◆ **Task statement**
What you return should be the lines from the one with "10K Yellow Gold" through the one with "A rare Majolica" in the data below, reproduced exactly with both ends, and no pictures at all.

◆ **Extracted entries**
++++++++
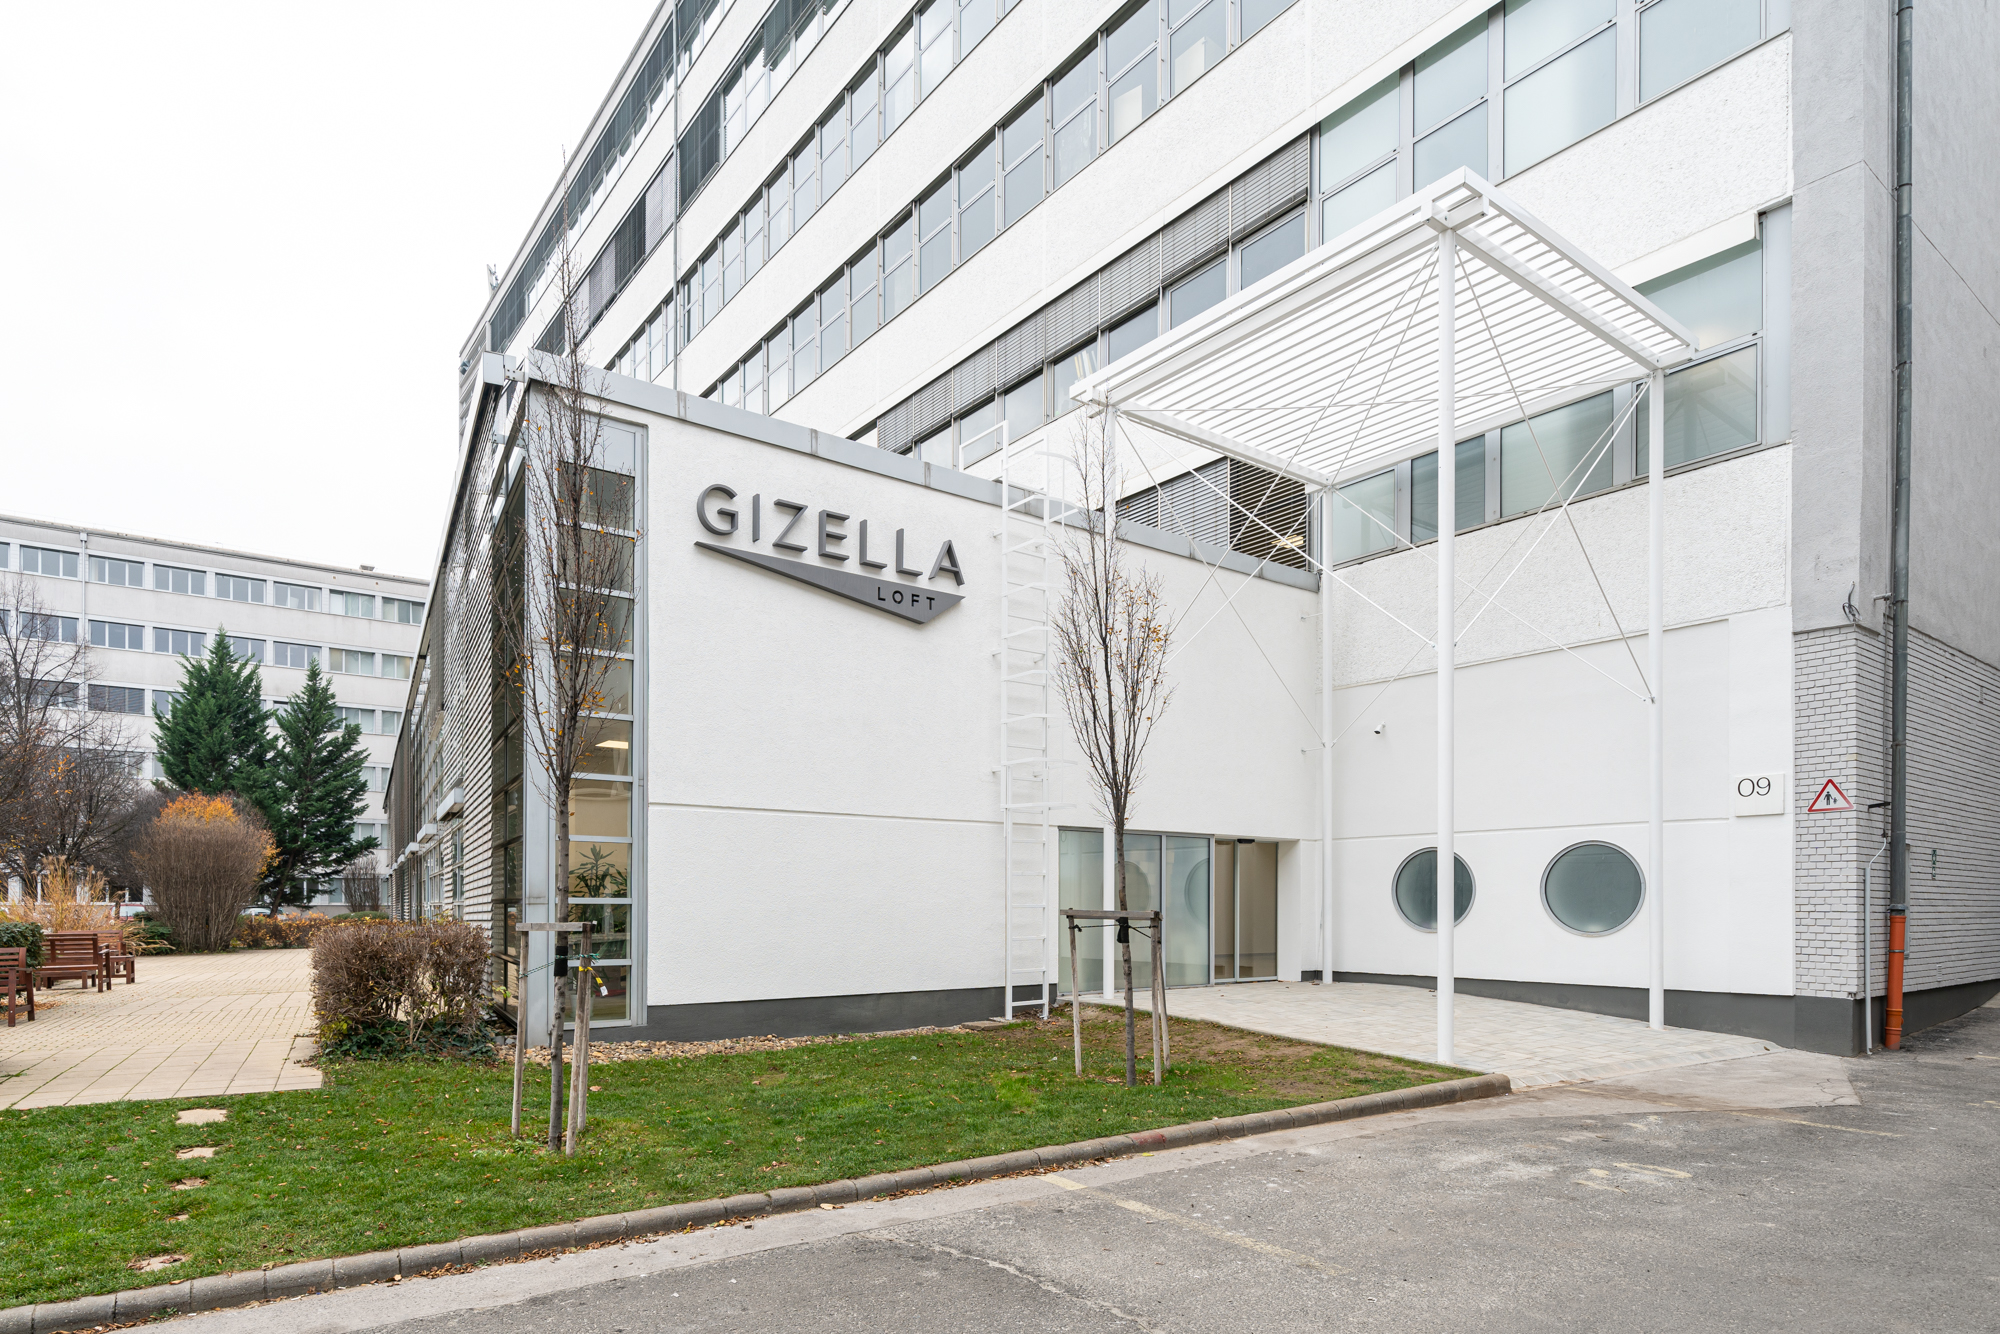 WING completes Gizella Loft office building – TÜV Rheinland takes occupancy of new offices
++++++++
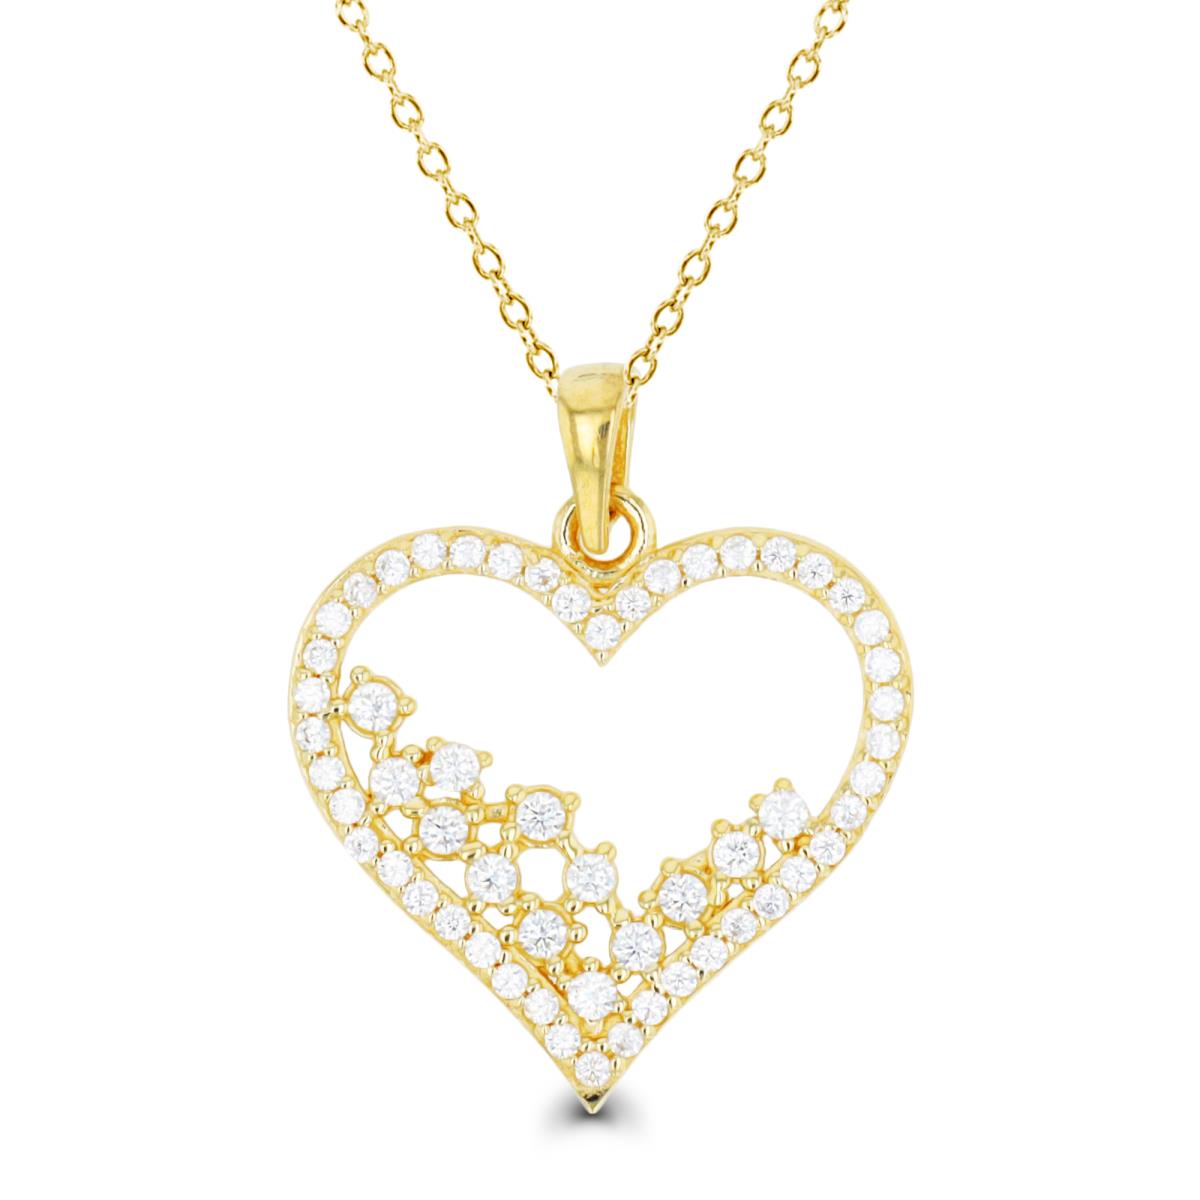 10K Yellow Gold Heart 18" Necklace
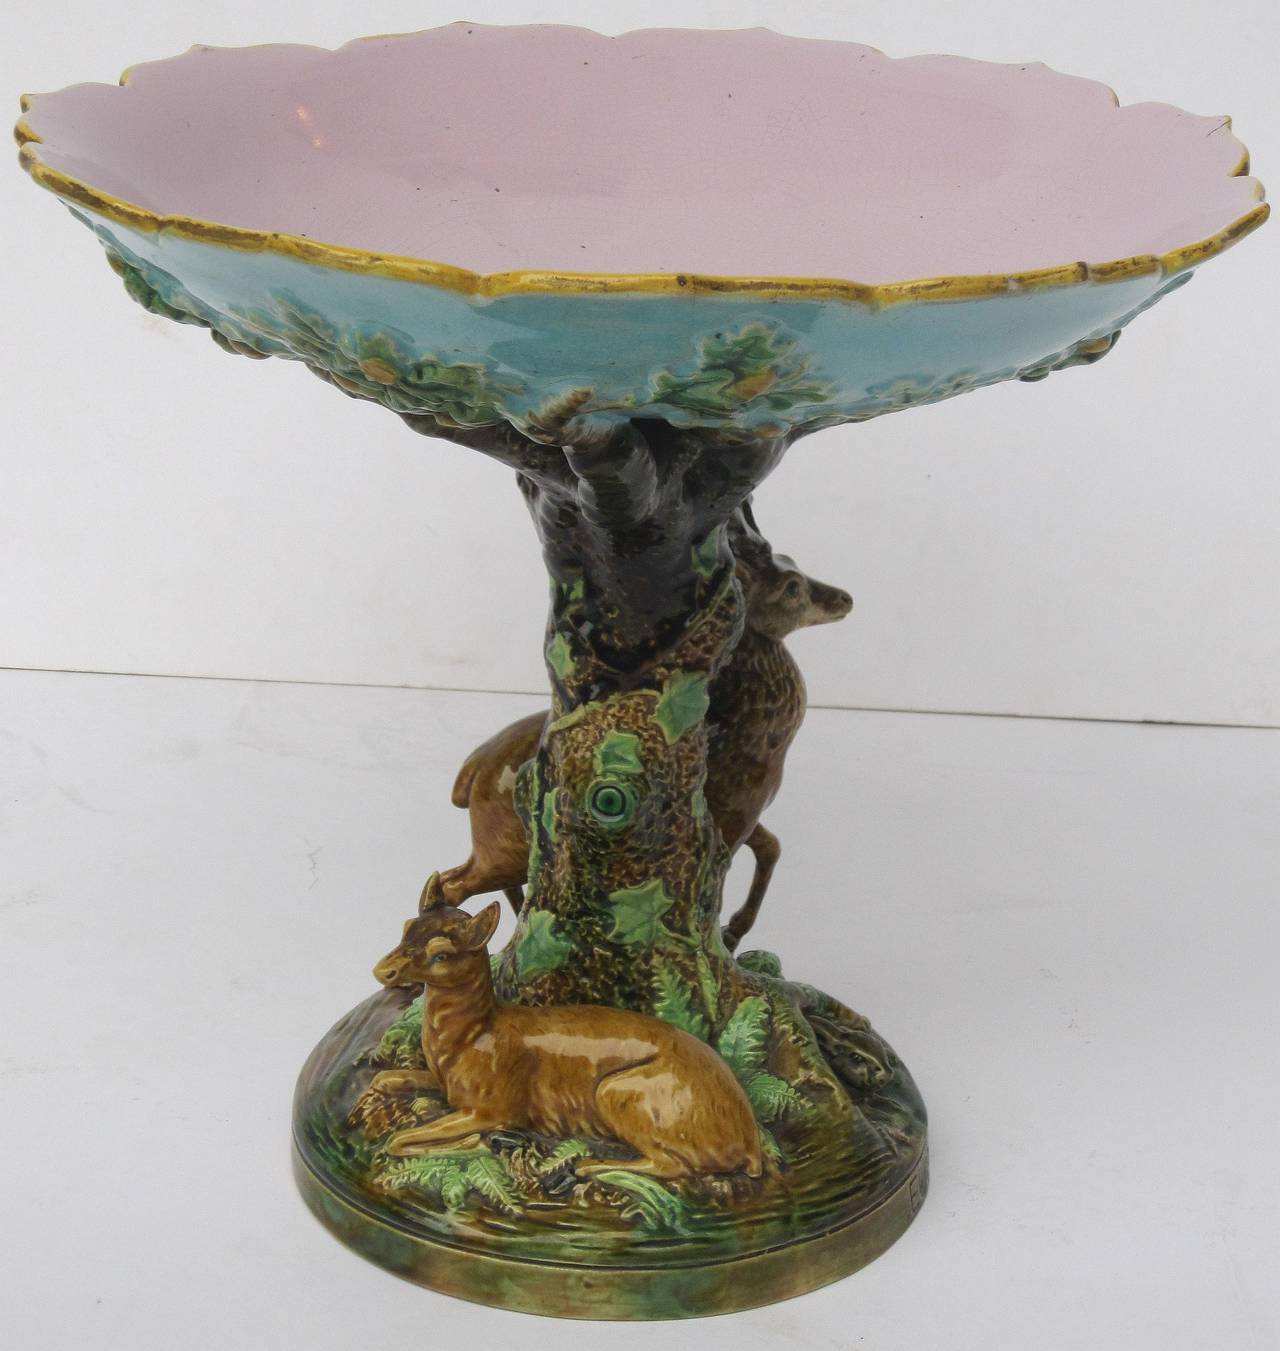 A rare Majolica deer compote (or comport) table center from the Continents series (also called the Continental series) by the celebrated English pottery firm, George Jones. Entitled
++++++++
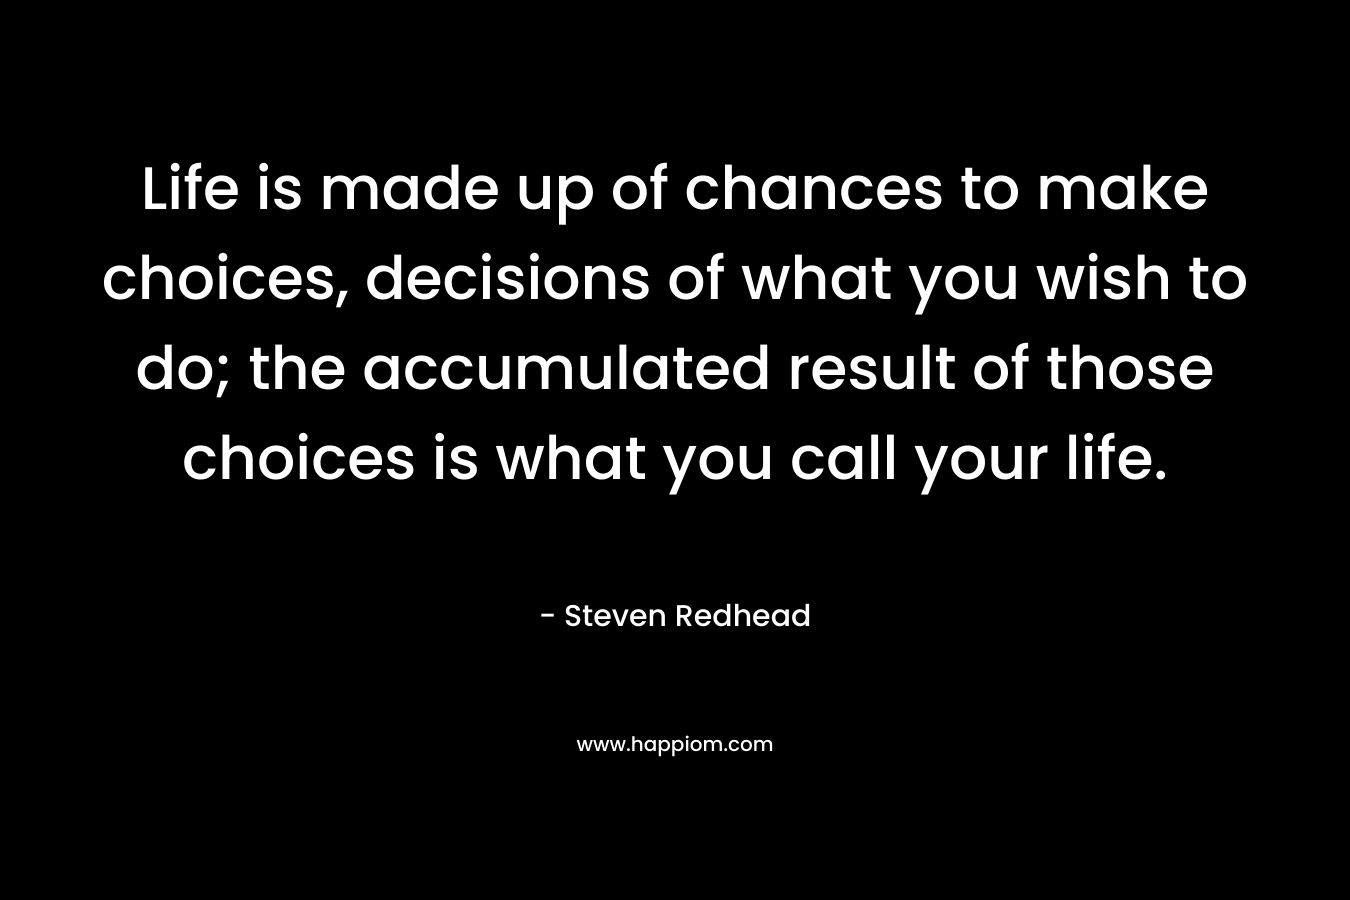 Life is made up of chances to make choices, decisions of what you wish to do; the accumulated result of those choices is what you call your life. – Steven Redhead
++++++++
◆ **Output**
 10K Yellow Gold Heart 18" Necklace
 A rare Majolica deer compote (or comport) table center from the Continents series (also called the Continental series) by the celebrated English pottery firm, George Jones. Entitled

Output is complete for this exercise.